There's also a reality that the GNOME 2 desktop, as shipped by most everyone, is the GNOME environment plus Firefox plus OpenOffice.org plus Evolution or Thunderbird; which means that to take a particular UI direction or add a platform feature, you have to convince all of those projects to change... and they are incented to keep the platform as similar to Windows in basic structure as possible. The value of platform features is to create commonality between apps, so if apps don't use the platform, platform features are useless.

So the forces of existing userbase, the easiest-to-reach future userbase, cross-platform applications, and funded development efforts are strongly pulling GNOME 2 toward conservatism.

I think GNOME 3 should be a fork for that reason. There's another reason it should be a fork; I've been using a petrified wood [ http://en.wikipedia.org/wiki/Petrified_woodanalogy ]. The process for forming petrified wood is that an organic structure is replaced by minerals.
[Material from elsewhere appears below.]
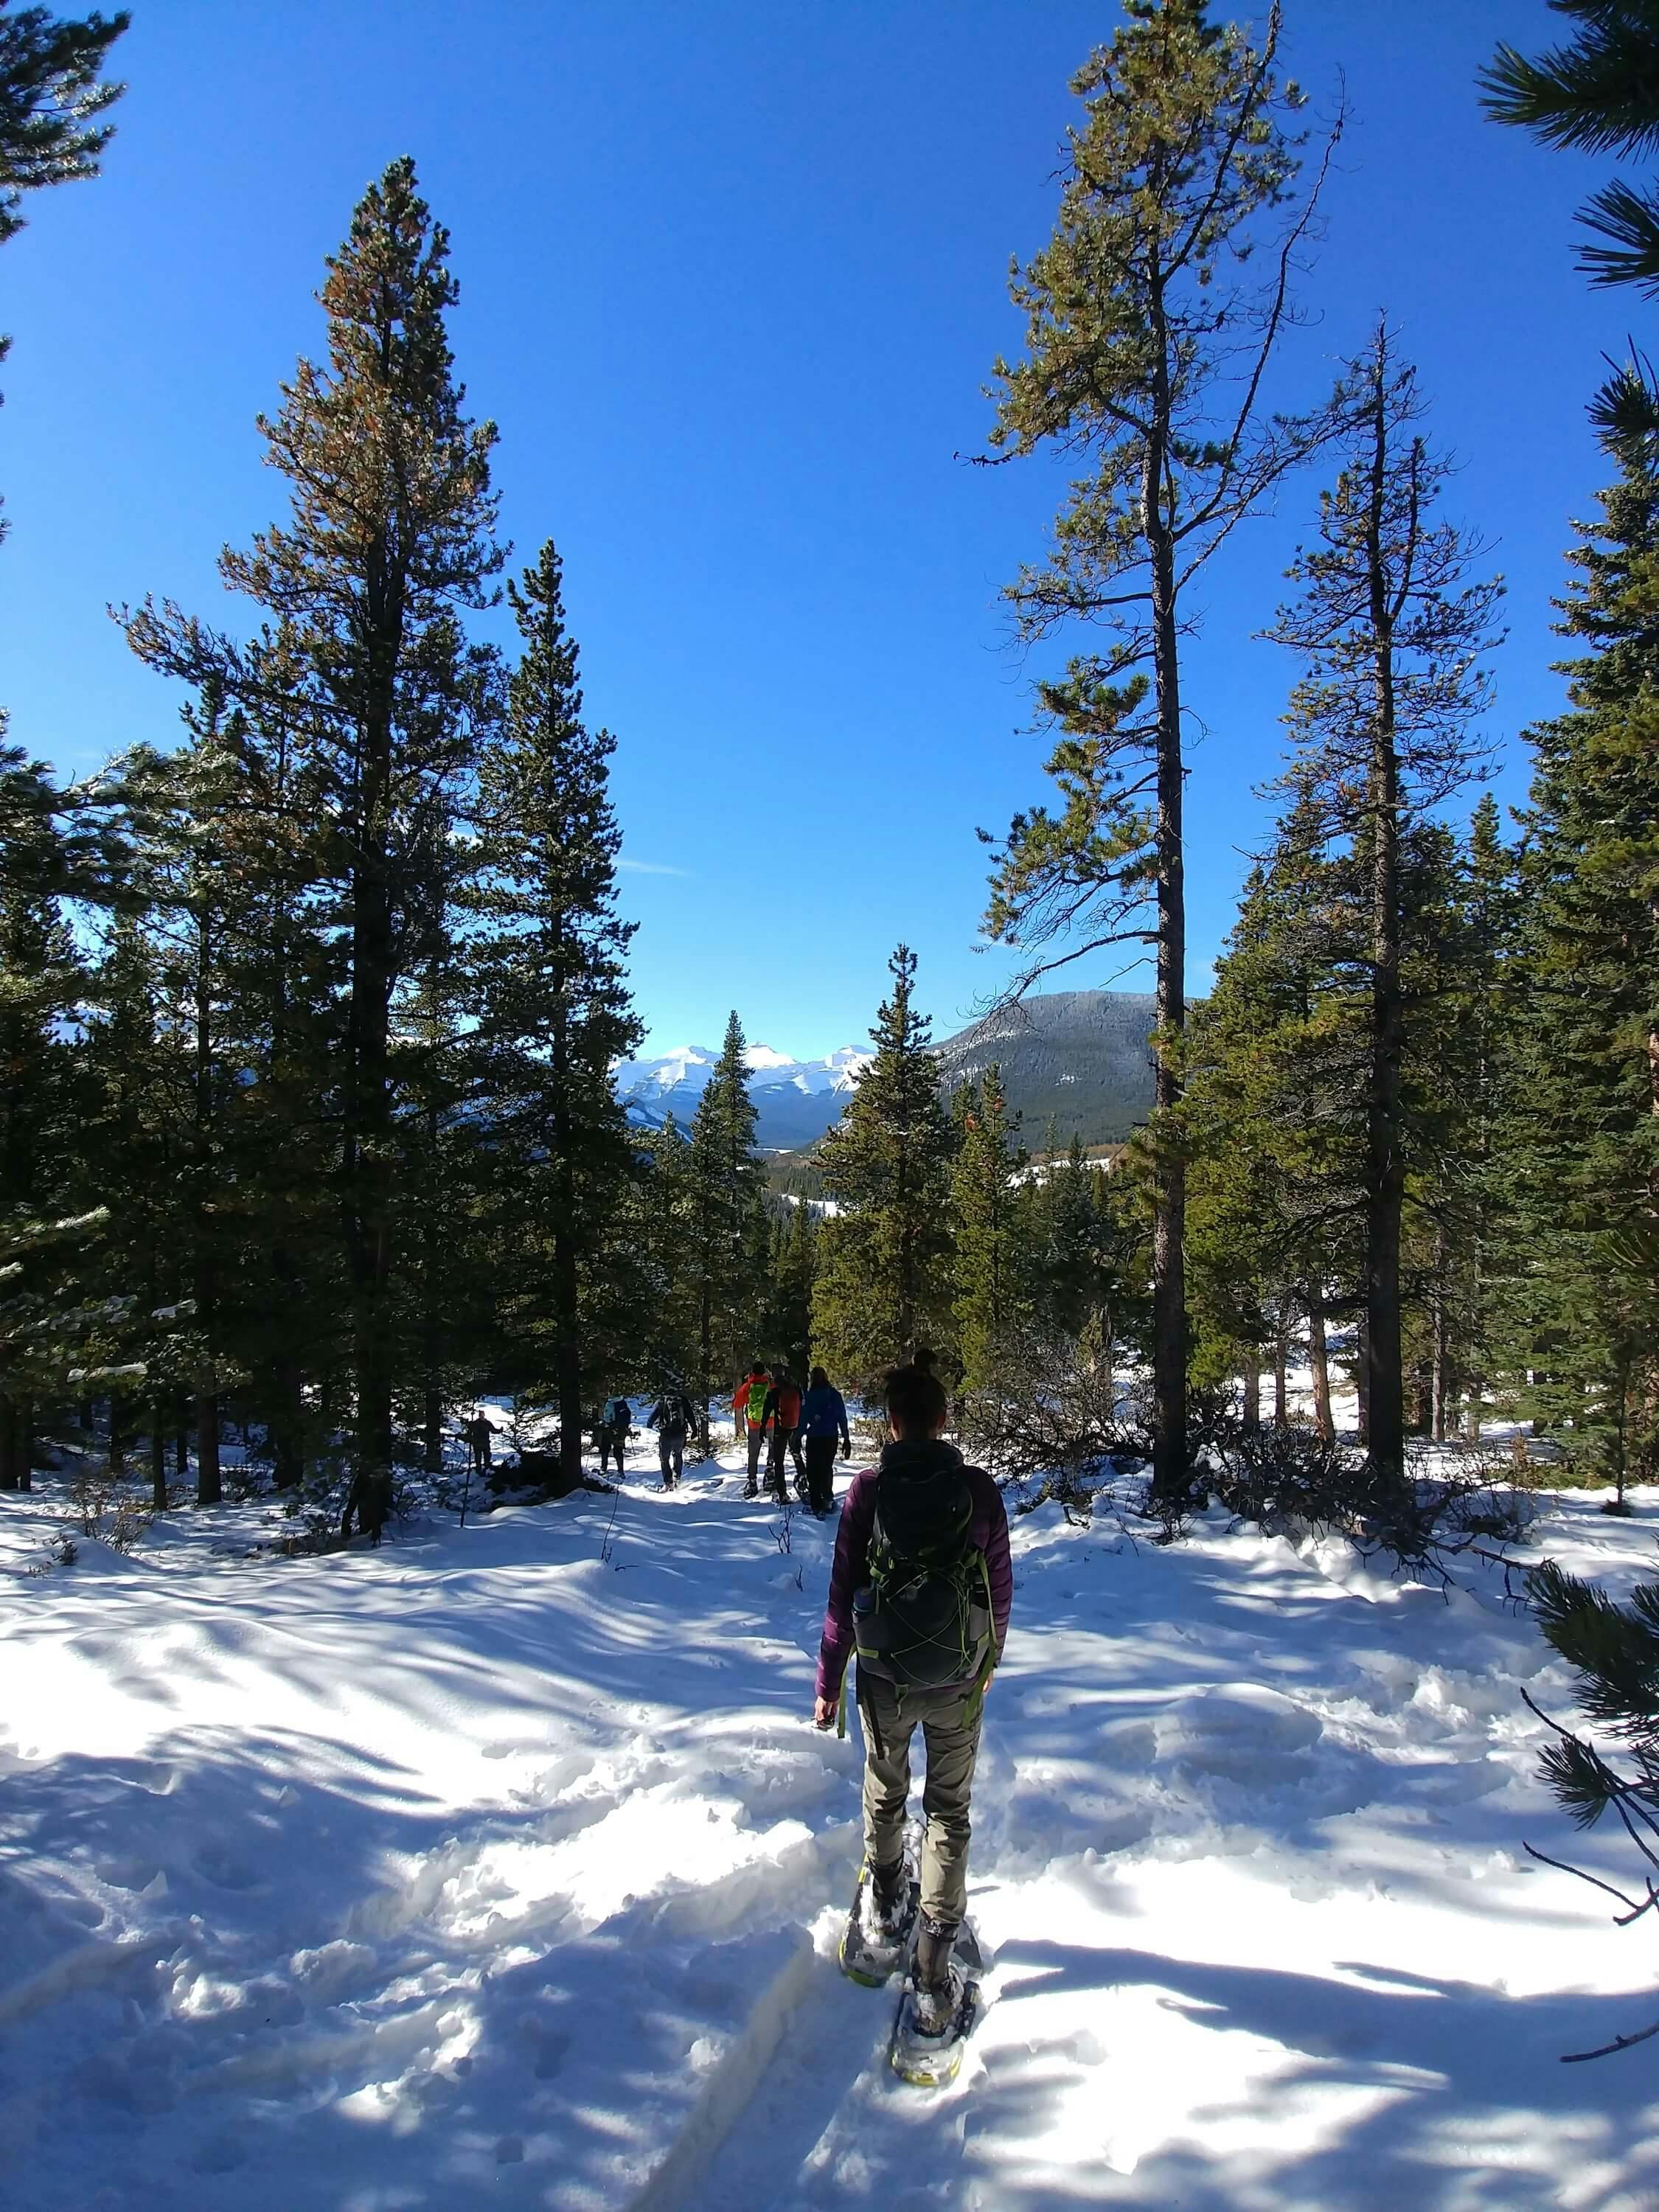 A team of snowshoers walks through a snowy forest.

The result is a rock, with the same shape and structure as a piece of wood.

If you think about the transition from GNOME 1 to GNOME 2, as with petrification we took the structure of GNOME 1 (session manager plus window manager plus file manager plus control center plus panel) and recoded it to be a different material, but the same shape. GNOME 2 is in an important sense "the same thing" as GNOME 1, though it's certainly much more robust and polished.

This structural similarity is fractal in nature, so on the whole-network level we have the structure of thick clients plus mail/calendar server plus directory server for example, and or inside the toolkit we have the basic premises shared by GTK+, Qt, and Swing.

Some people seem to think of GNOME 3 as "when we get to break ABI" - I consider this a dumb goal, and I'm not sure breaking ABI even gets you anywhere. GNOME 3 may be more about creating different ABIs. My view is that GNOME 3 is interesting vs. GNOME 2 if and only if we are changing the structure, i.e. what the desktop really consists of and how it works on a macro level; GNOME 3 can't possibly be worth it if we're just substituting minerals for lignin and cellulose but getting the same structure in the end. It's worth it if we're building a different kind of tree.

Something that makes GNOME 3 harder: you can't change this macro level in interesting ways without breaking all the apps. (I state this with confidence because apps are the only interesting purpose of a desktop, ergo failing to change the apps means you've failed to change anything interesting.) Which doesn't mean you can't run the old apps, but it means that today's apps would be sort of freakishly out-of-place on a GNOME 3 desktop that had changed shape. In other words old apps would run in a "compatibility mode" and would be visibly distinct from new apps.

I don't know if we should do GNOME 3 today, or who should do it; but I would caution that the purpose should be real value. Structural change rather than rewriting purely to get new construction materials. And I think this makes a temporary (but probably multi-year) fork almost mandatory. Trying to do GNOME 3 "in place" will destabilize GNOME 2 while preventing the structural changes that would have value.